== TASK REQUIREMENTS ==
Exact copy, no pictures: every line from the one that contains "lifestyle image of" through the end of the data below, and nothing else.

== RECORDS PROVIDED ==
┄┄┄┄┄┄

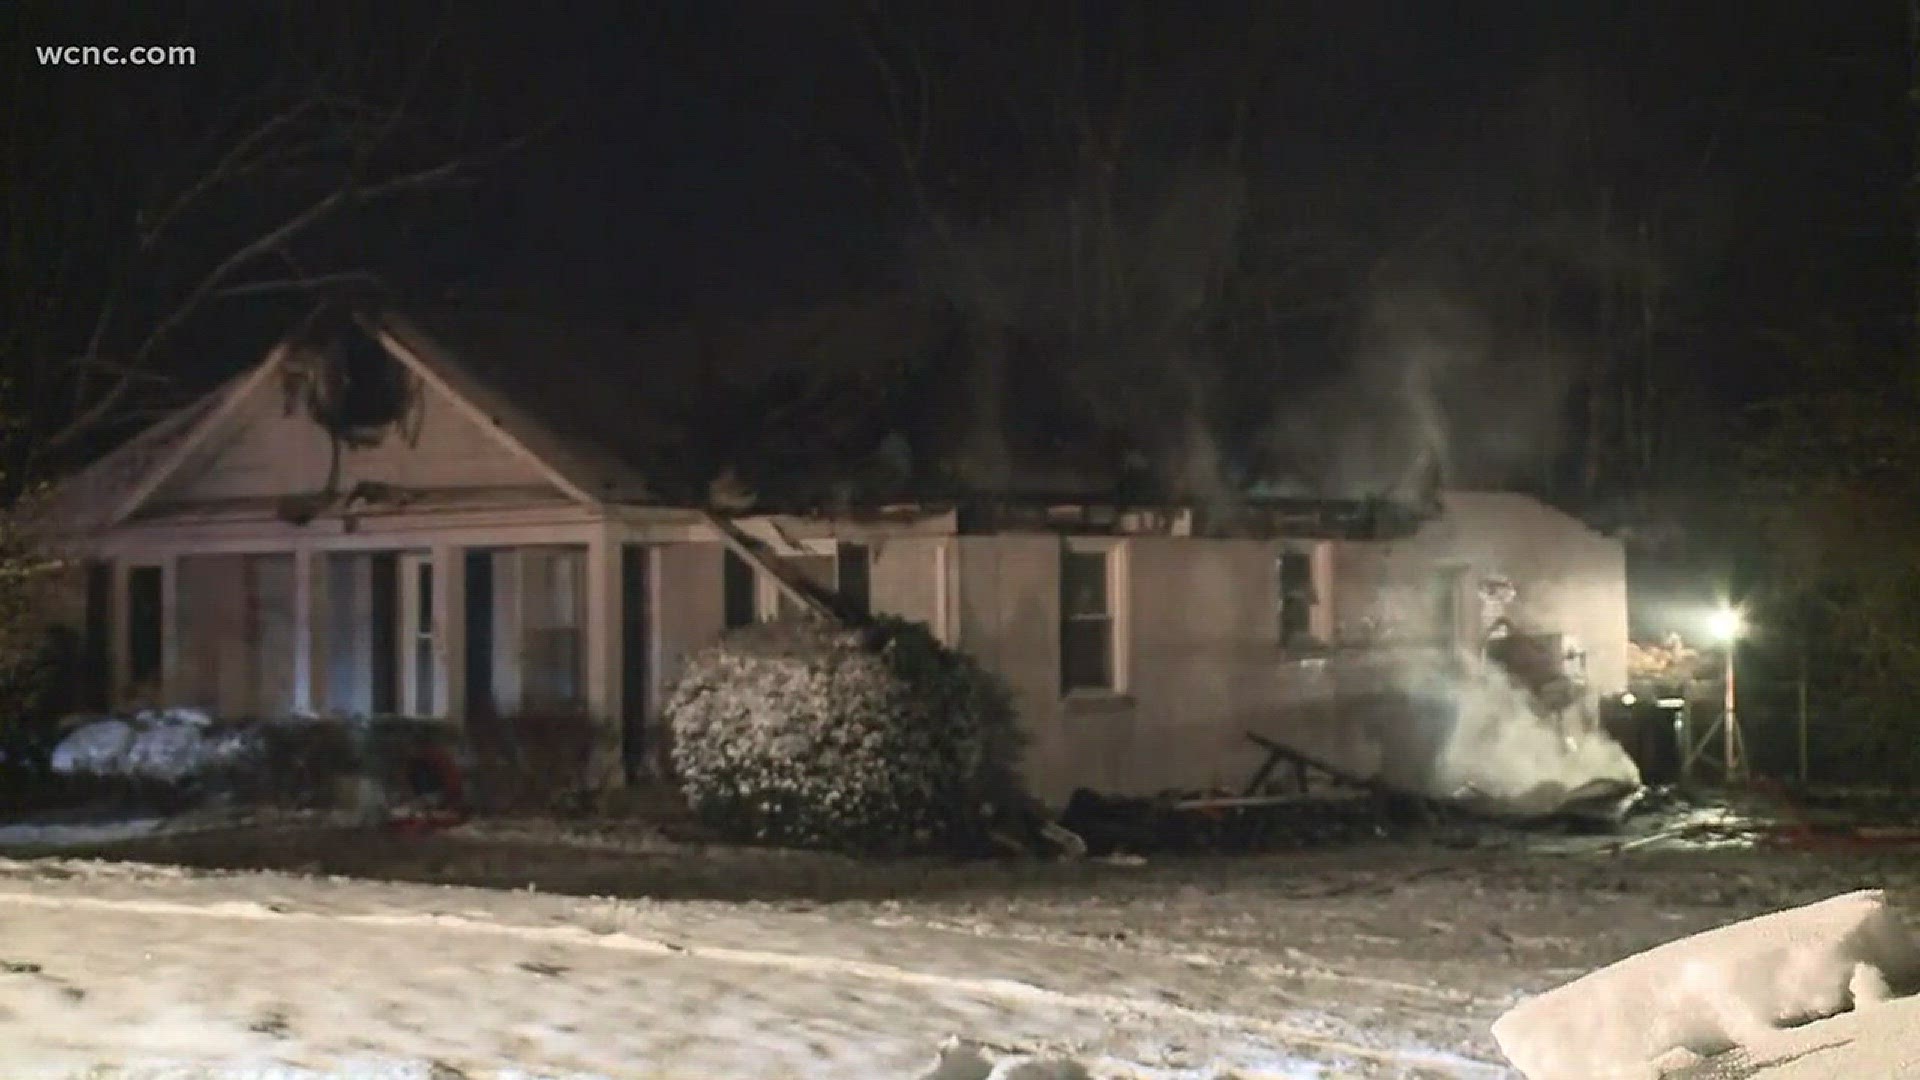 Fire officials are investigating the cause of a house fire in northeast Charlotte Thursday morning.
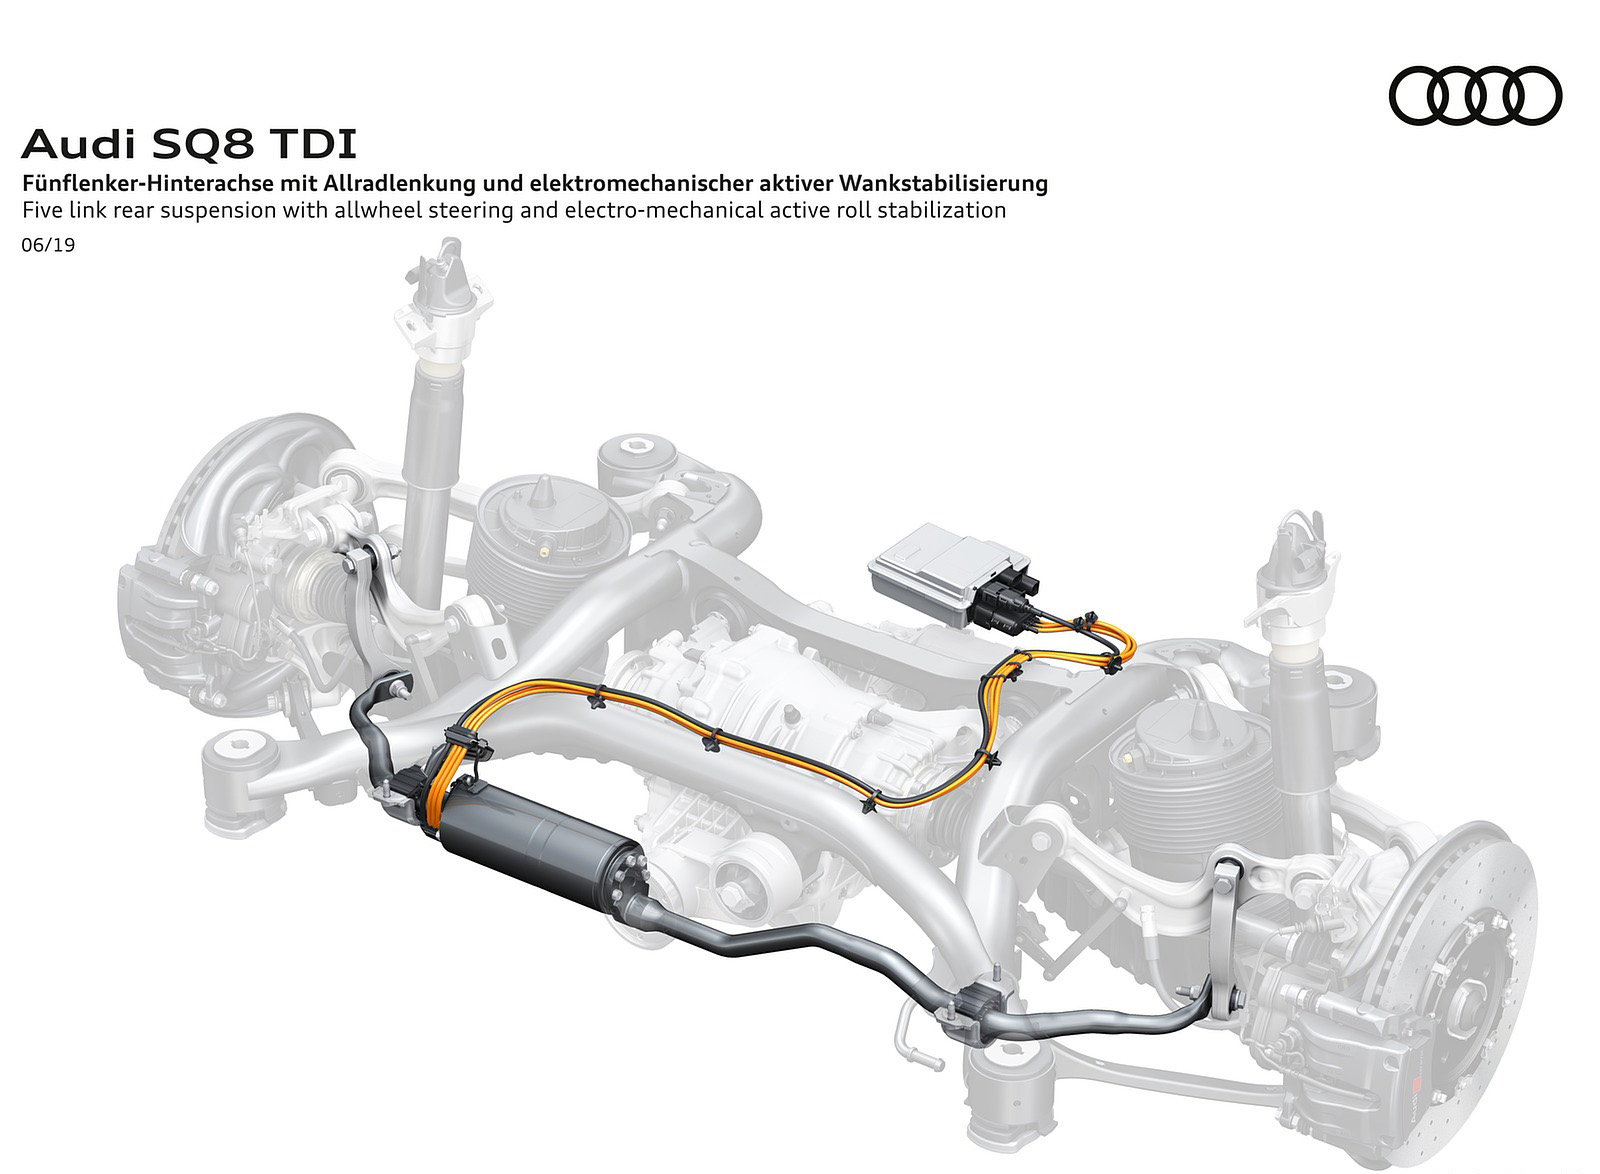 2020 Audi SQ8 TDI Five link rear suspension with allwheel steering and electro-mechanical active roll stabilization Wallpapers  #66 of 140
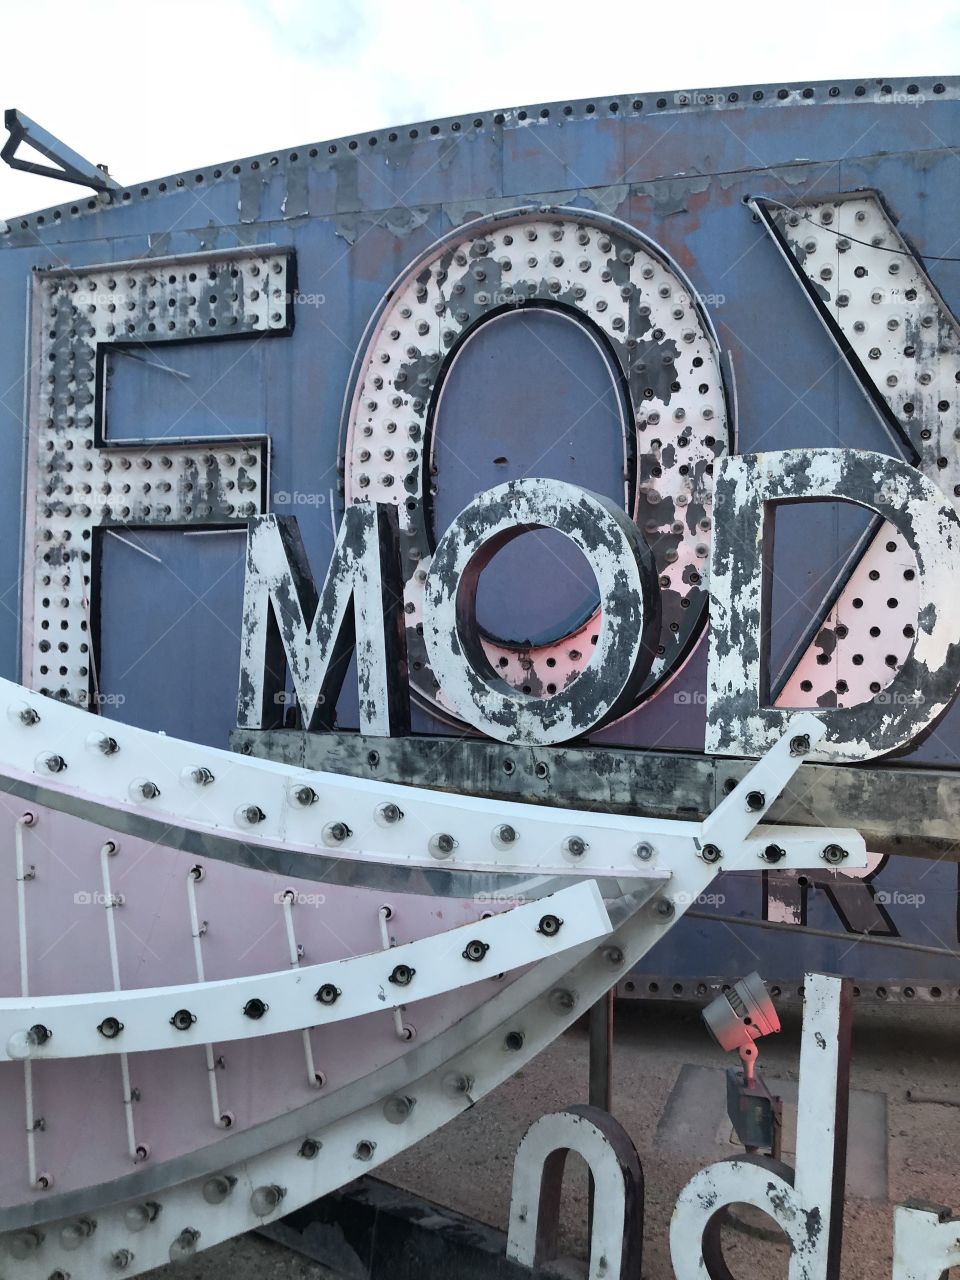 More from the Neon Museum. Las Vegas. 
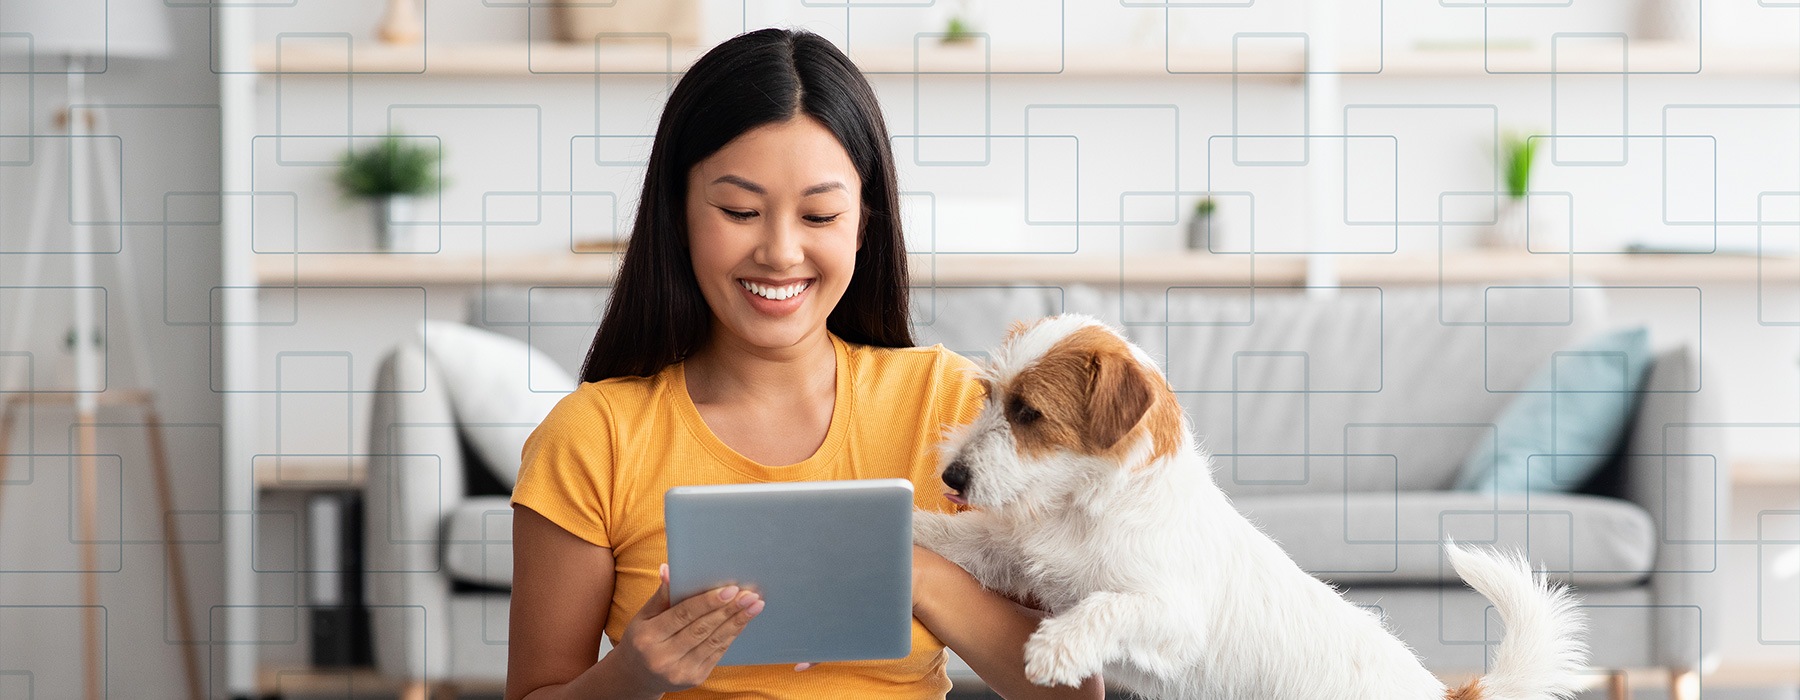 lifestyle image of a woman smiling, working on a smart device beside her pet
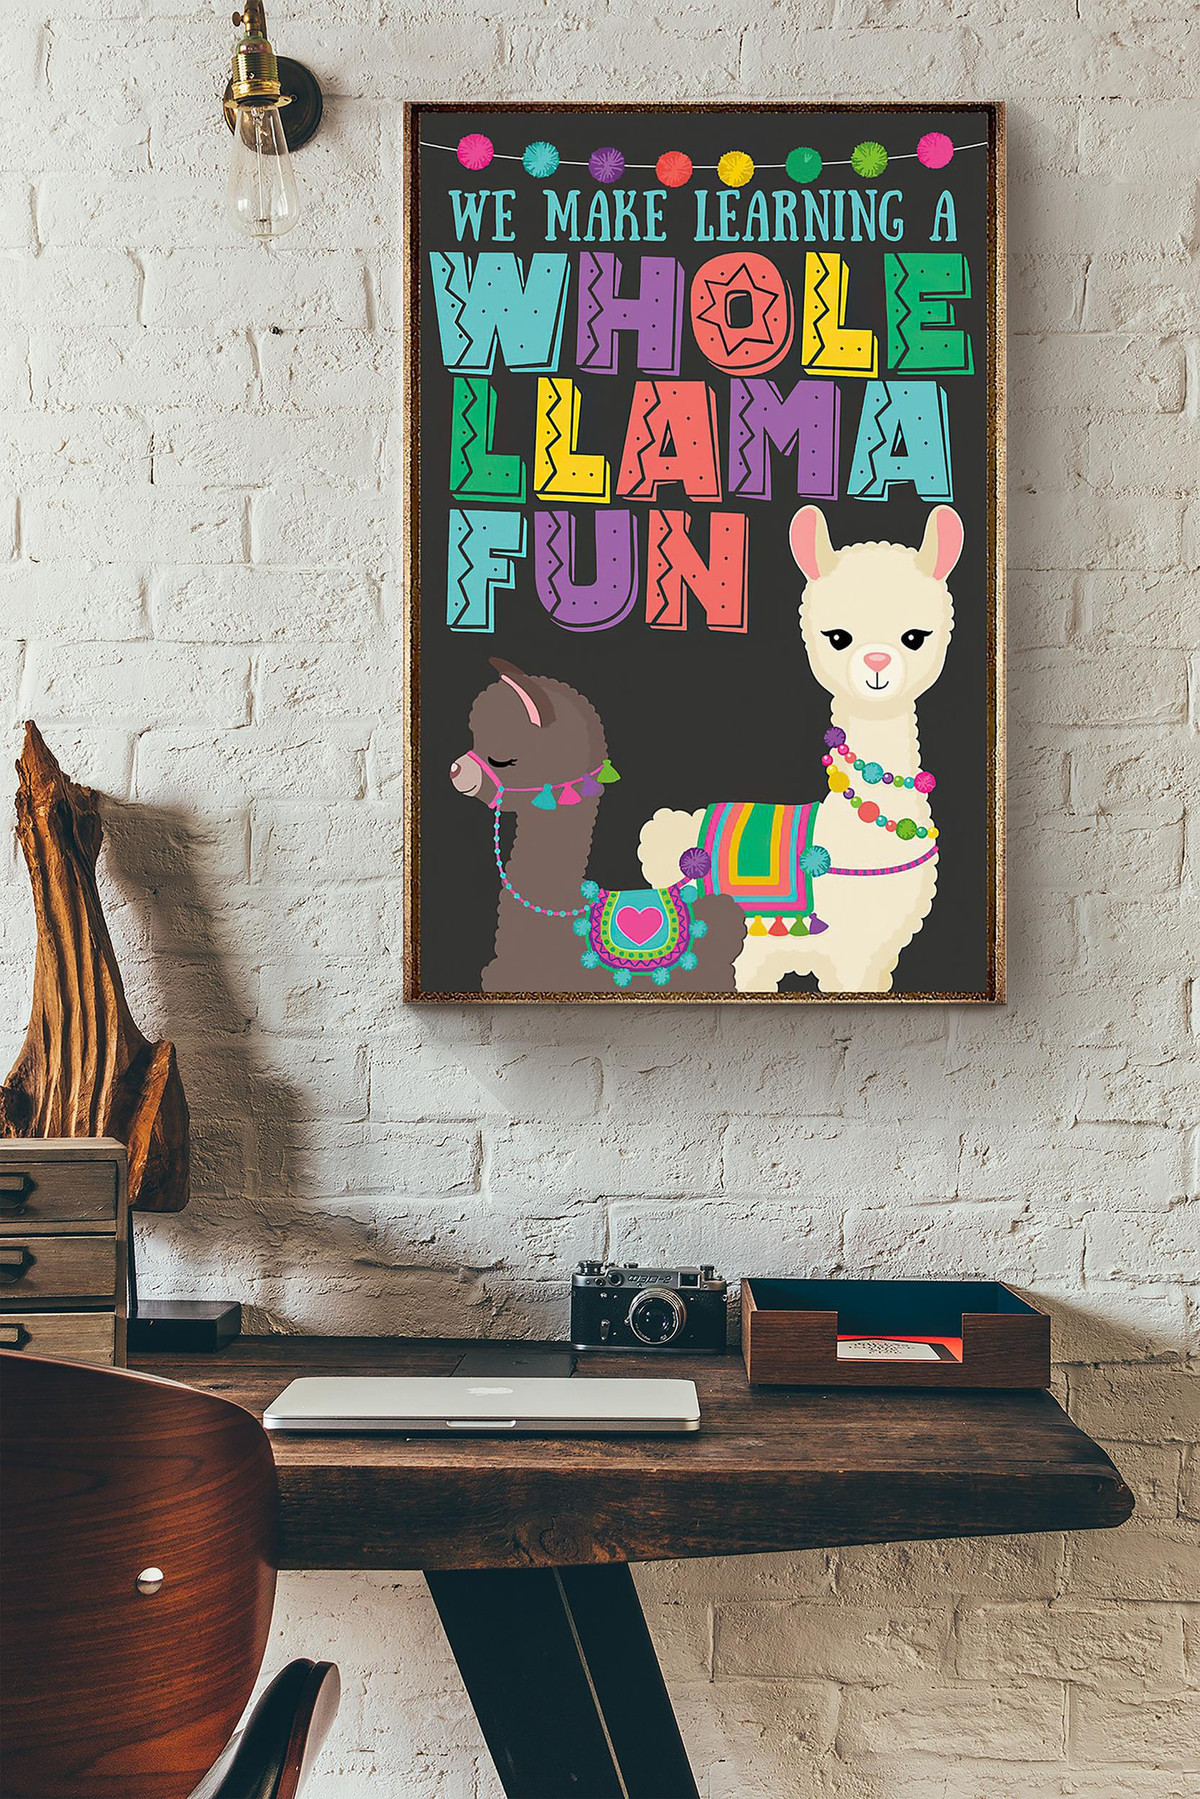 We Make Learning A Whole Llama Fun Teacher Canvas Painting Ideas, Canvas Hanging Prints, Gift Idea Framed Prints, Canvas Paintings Wrapped Canvas 8x10

┄┄┄┄┄┄

== ANSWER ==
 lifestyle image of a woman smiling, working on a smart device beside her pet
 We Make Learning A Whole Llama Fun Teacher Canvas Painting Ideas, Canvas Hanging Prints, Gift Idea Framed Prints, Canvas Paintings Wrapped Canvas 8x10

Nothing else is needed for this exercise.